Probate planning can have advantages if done properly: however, there are many risks that may outweigh the benefits in some cases. Probate fees, or estate administration tax rates, are fairly low in Canada with the top rate being 1.553% in Nova Scotia on amounts over $100,000. In Ontario the rate is 1.5% on amounts over $50,000. Losing control of assets, exposing them to claims of creditors, or triggering immediate income tax liabilities are some of the risks of doing probate planning. Visitors who are contemplating transfers of property for the purposes of probate planning are encouraged to seek legal advice from a lawyer focussing on Will and estate planning before proceeding even if the changes can ultimately be implemented by another professional such as changes to beneficiary designations or a change in title to real estate.

Not all probate planning strategies may work in all jurisdictions. For example, using multiple Wills in Nova Scotia does not work to reduce probate fees due to a statutory provision about how the value of the estate is calcuated for the purpose of determining the provincial estate administration tax (probate fee). Legal advice should be obtained for the applicable jurisdiction before proceeding to be sure the desired result can be achieved without unintended consequences.

It should be noted that some types of property require probate to be transferred such as real property held under certain land registration systems in some jurisdictions or corporate shares in others. There is no option in these cases so probate planning does not work will all types of property in all jurisdictions. In most cases probate is optional at the discretion of third parties such as financial institutions. However, as a general rule some types of property are more likley to require probate such as brokerage accounts and any type of bank account or investment account with a balance above $100,000. Discretion regarding these items may exist at the branch level so there often is no clear rule across all aspects of one company.

The emphasis in probate planning often focuses on diverting property from a deceased’s estate by providing for the distribution of the property using an instrument other than the deceased’s Will. Respectfully, it is still open for debate whether an item of property is outside a person’s estate just because it is not distributed under a Will. This is a complex legal argument that is outside the scope of these materials but is addressed elsewhere in legal reference material. The answer may not be the same in all jurisdictions across Canada.
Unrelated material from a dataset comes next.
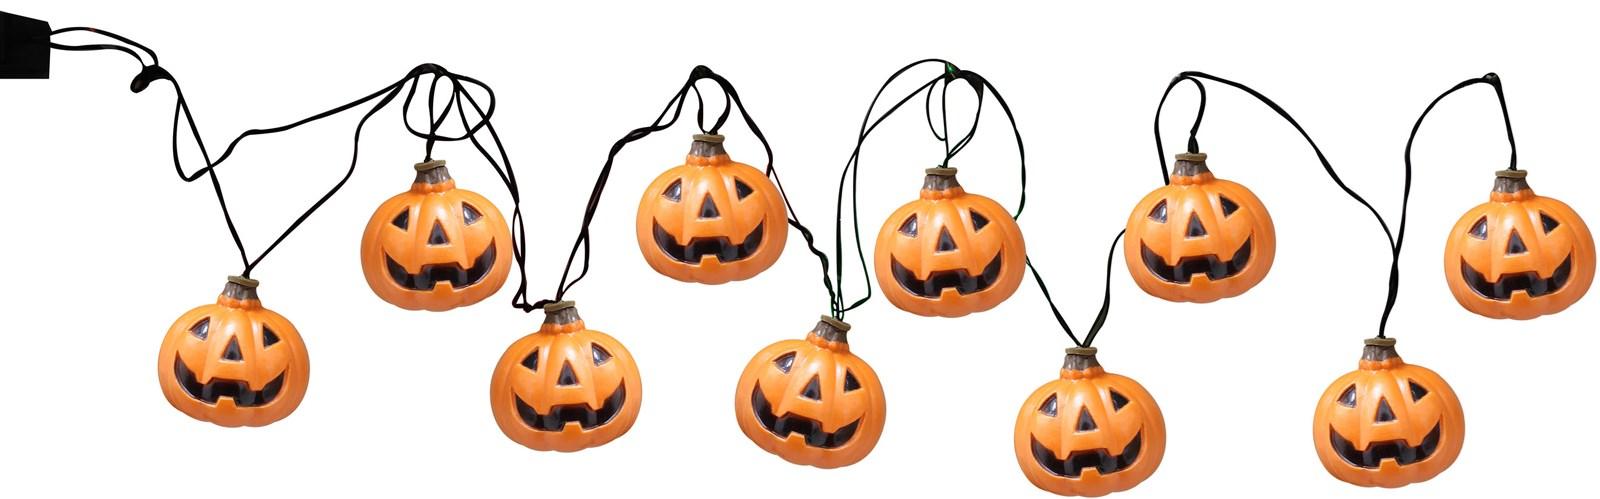 Pumpkin String Lights For Halloween

The ability of persons acting under the authority of a power of attorney (regular, continuing or enduring) to engage in probate planning on behalf of the person who appointed them is limited if not completely prohibited as it can amount to making a testamentary disposition. Probate plannning does not benefit the grantor of a power of attorney. It benefits the beneficiaries of the grantor’s estate. In order for an attorney for property to engage in probate planning, express authority in the appointing document is likely required and may still be subject to applicable provincial laws.